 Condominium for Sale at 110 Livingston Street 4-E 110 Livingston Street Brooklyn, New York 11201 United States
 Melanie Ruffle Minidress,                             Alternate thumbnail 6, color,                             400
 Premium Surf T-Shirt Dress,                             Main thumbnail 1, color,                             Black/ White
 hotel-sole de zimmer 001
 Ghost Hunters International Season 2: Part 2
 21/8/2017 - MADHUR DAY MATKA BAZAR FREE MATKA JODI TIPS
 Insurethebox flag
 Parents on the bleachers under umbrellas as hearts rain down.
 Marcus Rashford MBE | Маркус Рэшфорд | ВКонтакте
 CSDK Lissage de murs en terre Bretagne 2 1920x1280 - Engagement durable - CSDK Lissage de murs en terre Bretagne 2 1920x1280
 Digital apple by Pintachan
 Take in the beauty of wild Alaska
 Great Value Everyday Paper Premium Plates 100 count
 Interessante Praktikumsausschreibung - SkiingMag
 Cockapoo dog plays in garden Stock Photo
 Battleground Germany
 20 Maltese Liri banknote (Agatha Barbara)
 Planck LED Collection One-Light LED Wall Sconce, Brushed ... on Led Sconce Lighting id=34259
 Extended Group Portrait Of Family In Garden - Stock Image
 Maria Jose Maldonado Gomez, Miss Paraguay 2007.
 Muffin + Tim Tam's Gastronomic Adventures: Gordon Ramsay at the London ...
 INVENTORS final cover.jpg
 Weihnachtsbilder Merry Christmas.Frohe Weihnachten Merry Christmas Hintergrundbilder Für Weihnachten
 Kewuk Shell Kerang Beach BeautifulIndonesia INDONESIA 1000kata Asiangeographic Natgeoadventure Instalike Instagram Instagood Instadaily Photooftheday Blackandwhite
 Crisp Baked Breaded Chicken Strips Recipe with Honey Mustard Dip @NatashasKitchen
+++
§ **Required work**
Complete, exact output of the records is expected.

§ **Answer section**
 Condominium for Sale at 110 Livingston Street 4-E 110 Livingston Street Brooklyn, New York 11201 United States
 Melanie Ruffle Minidress,                             Alternate thumbnail 6, color,                             400
 Premium Surf T-Shirt Dress,                             Main thumbnail 1, color,                             Black/ White
 hotel-sole de zimmer 001
 Ghost Hunters International Season 2: Part 2
 21/8/2017 - MADHUR DAY MATKA BAZAR FREE MATKA JODI TIPS
 Insurethebox flag
 Parents on the bleachers under umbrellas as hearts rain down.
 Marcus Rashford MBE | Маркус Рэшфорд | ВКонтакте
 CSDK Lissage de murs en terre Bretagne 2 1920x1280 - Engagement durable - CSDK Lissage de murs en terre Bretagne 2 1920x1280
 Digital apple by Pintachan
 Take in the beauty of wild Alaska
 Great Value Everyday Paper Premium Plates 100 count
 Interessante Praktikumsausschreibung - SkiingMag
 Cockapoo dog plays in garden Stock Photo
 Battleground Germany
 20 Maltese Liri banknote (Agatha Barbara)
 Planck LED Collection One-Light LED Wall Sconce, Brushed ... on Led Sconce Lighting id=34259
 Extended Group Portrait Of Family In Garden - Stock Image
 Maria Jose Maldonado Gomez, Miss Paraguay 2007.
 Muffin + Tim Tam's Gastronomic Adventures: Gordon Ramsay at the London ...
 INVENTORS final cover.jpg
 Weihnachtsbilder Merry Christmas.Frohe Weihnachten Merry Christmas Hintergrundbilder Für Weihnachten
 Kewuk Shell Kerang Beach BeautifulIndonesia INDONESIA 1000kata Asiangeographic Natgeoadventure Instalike Instagram Instagood Instadaily Photooftheday Blackandwhite
 Crisp Baked Breaded Chicken Strips Recipe with Honey Mustard Dip @NatashasKitchen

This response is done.